Re: doubt related to 'new' in MFC

 Mishra <>
Thu, 05 Jul 2007 02:13:44 -0700
On Jul 5, 10:39 am, "Doug Harrison [MVP]" <> wrote:

On Wed, 04 Jul 2007 22:23:47 -0700, Mishra <> wrote:

Hi All,

I have one doubt about garbage collection in MFC.

Allow me to allay all your doubts. There is no garbage collection in native
C++ programs, which is normally what someone is talking about when he uses
the term "MFC" in this way.

If we function like

Void Fun()
Int *var = new int;


Will MFC delete memory allocated in Fun() by new operator after
closing the application?

The OS will reclaim all memory and other resources such as file handles
when the application terminates. This is not "garbage collection", though.
Garbage collection is what the .NET CLR does to reclaim objects that are no
longer referenced.
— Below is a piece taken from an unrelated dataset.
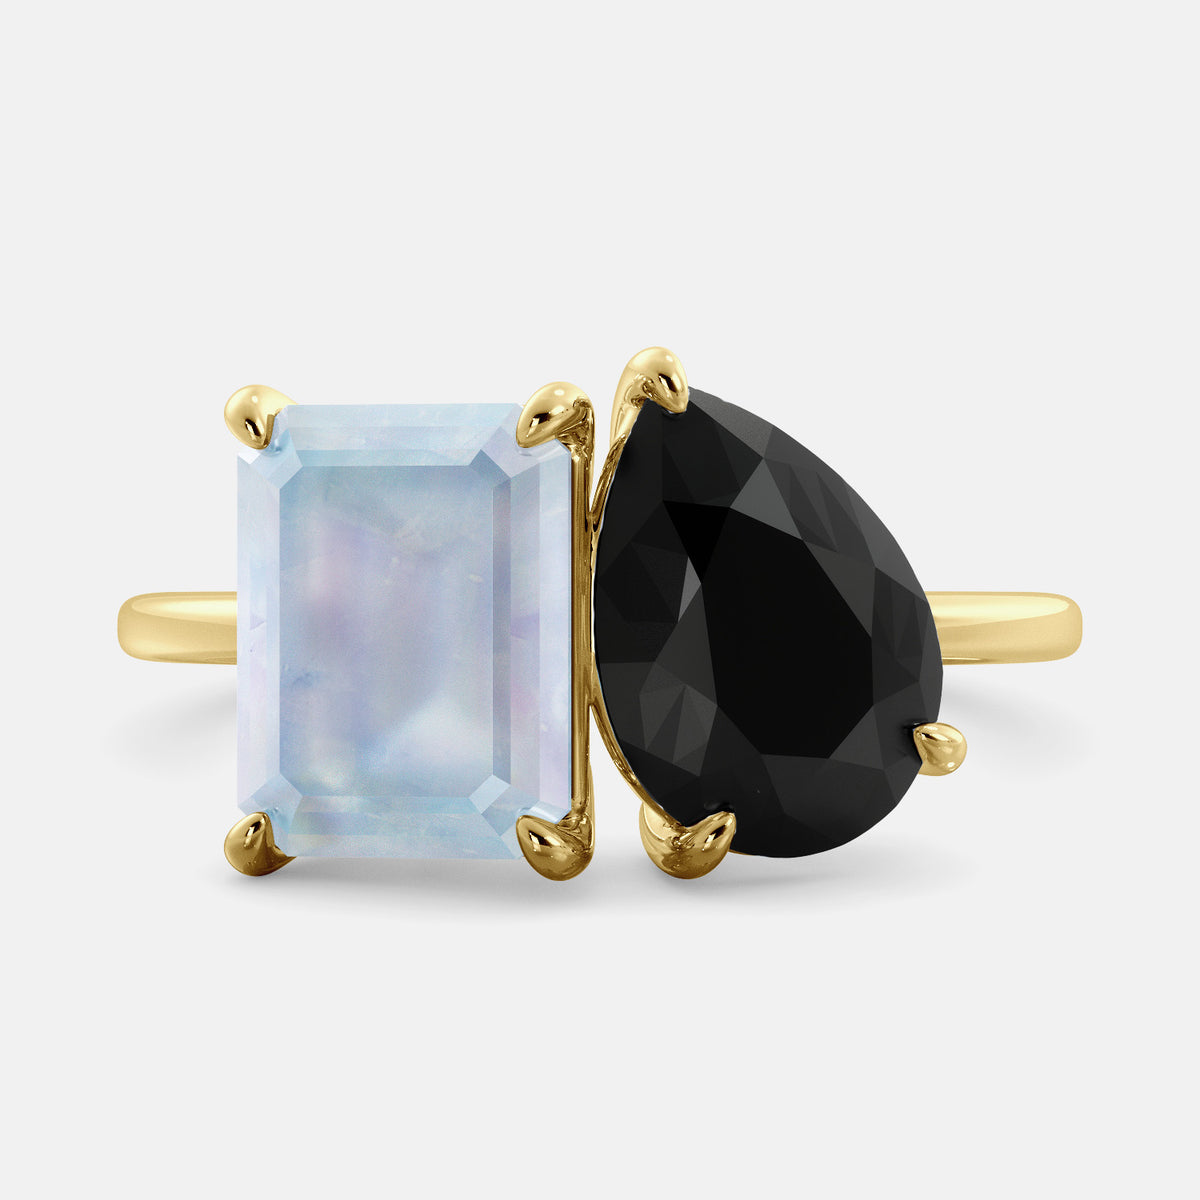 A toi et moi ring with one emerald cut moonstone and one pear cut onyx, set in 14k yellow gold. The moonstone is a soft blue-green color, and the ruby is a deep red. The two stones are set side by side, creating a beautiful contrast of colors. The ring is made of 14k yellow gold and has a polished finish. It is a perfect symbol of love and commitment.

In C++, we have destructors, which allow objects to
clean up after themselves. For example, I might write your function like

void fun()
   std::auto_ptr<int> i(new int);


By holding the dynamically allocated int in an auto_ptr, I am assured that
it will be deleted when the auto_ptr i goes out of scope, whether it be
through a return statement, falling off the end of the function, or by
throwing an exception. This is better than garbage collection, because it
happens at a well-defined time, which means resources such as file handles
are released as soon as you're finished with them. This is worse than
garbage collection, because it happens at a well-defined time, which means
performance can suffer if it wouldn't have hurt to postpone reclaiming the
resources. It requires more care than garbage collection, because you have
to use classes such as auto_ptr to store your dynamically allocated int. It
requires less care than garbage collection, because you don't have to worry
about "disposal" vs. "finalization", which aren't separate concepts in C++.

Doug Harrison
Visual C++ MVP

Thanks for your reply.

I agreed that mine case is not the garbage collection.

 >Void Fun()
 >Int *var = new int;


Will OS reclaim for memory and release it completely after closing the

should programmer bother about releasing memory?